China is expected to levy a property tax in 10 regions on a
trial basis next year, the China Securities Journal reported
today quoting what it said was a well-informed source.
The State Administration of Taxation has picked 10 provinces and
cities, including Beijing, Shenzhen, Dalian, Jiangsu and Chongqing, to levy "virtual property taxes"
this year, which means no money will actually be collected.
Starting next year, property owners in 10 cities may have to start
paying the tax for real.
An official with the State Administration of Taxation said on
Friday that it is preparing for the introduction of the tax.
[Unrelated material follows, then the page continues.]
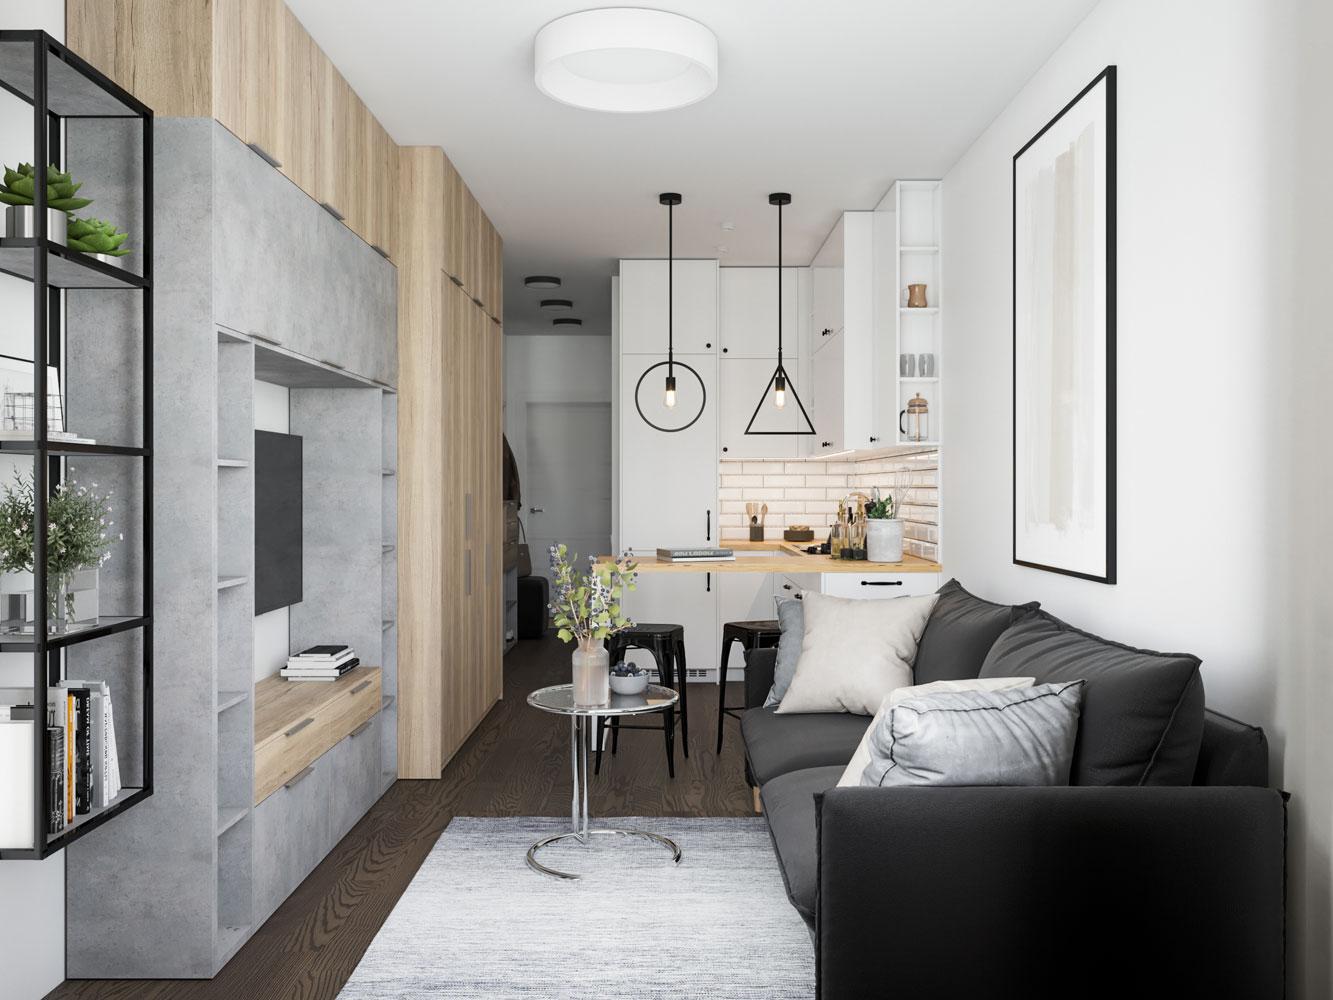 Дизайн студии 22, 21 кв. м. (48 фото): планировка квартиры с балконом, дизайн кухни
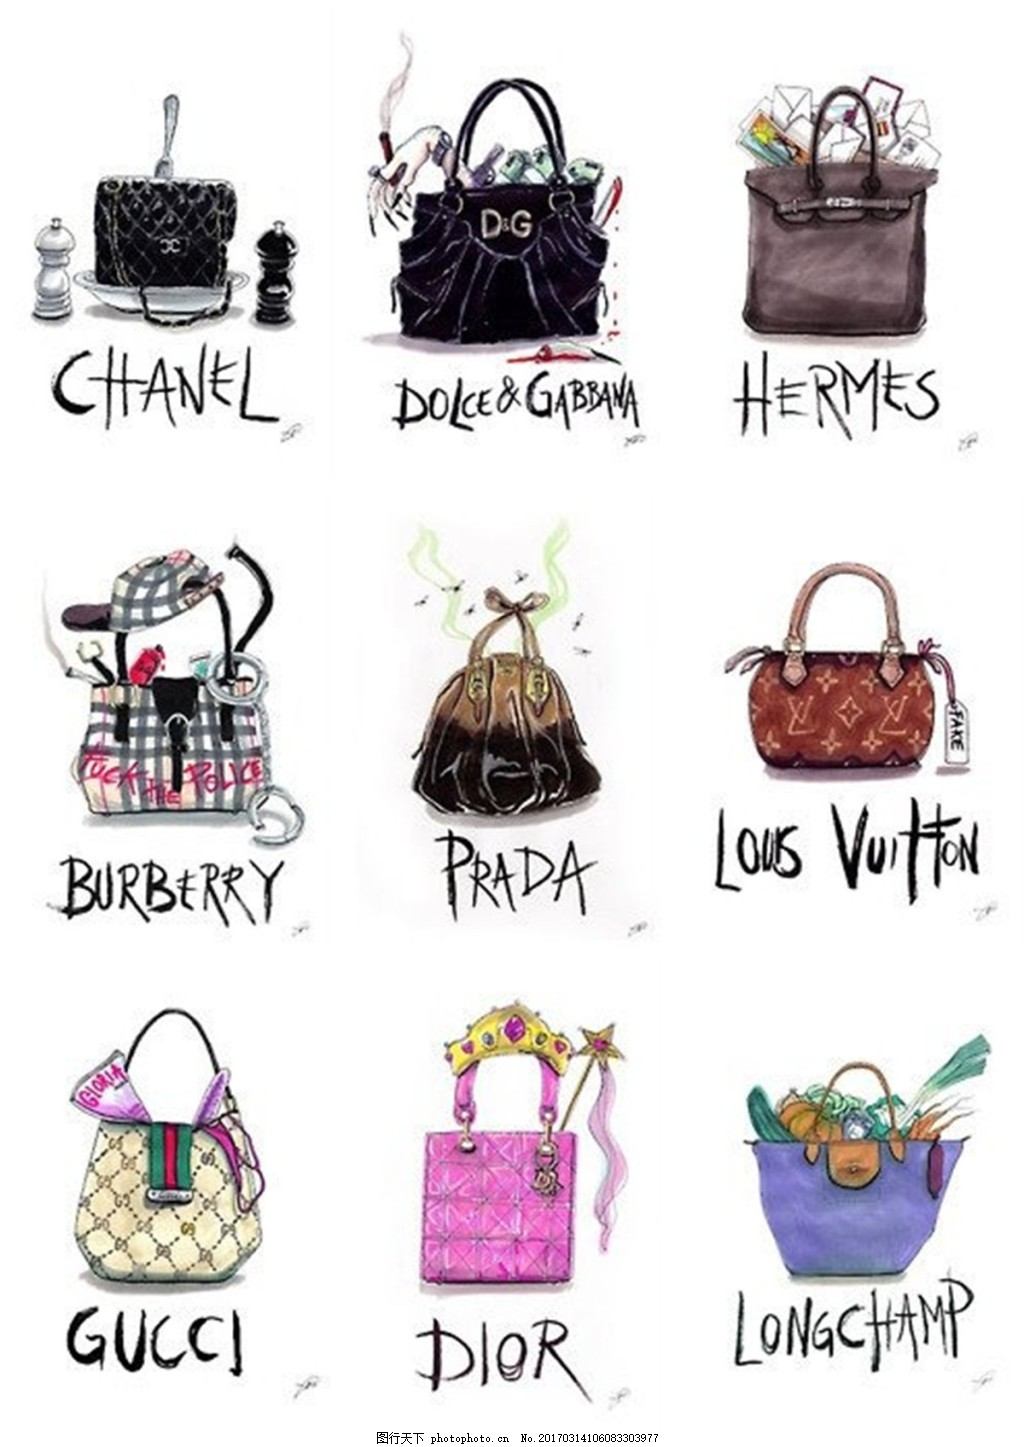 9款包包设计图 钱包 女包 箱包 时尚女包 手提包 背包 双肩包

He
said research is needed before enacting the new policy because
large gaps exist between regional economies and the management of
properties is complicated.
"Property tax is an inner stabilizer of real estate market,"
said Fan Gang, director of the National Economic Research Institute
China Reform Foundation.
"The tax can reduce (the number of) idle properties and will be
a stable income source for the government," Fan said.
China has imposed a variety of property taxes on developers,
such as a land value-added tax, land-use tax and land-transfer
fees. Developers pass on these costs when they sell properties.
The proposed property tax is expected to convert this tax levy
into annualized tax, which will ideally slash housing prices.
Housing prices in 70 major cities in China jumped an average of
8.2 percent in August from a year earlier.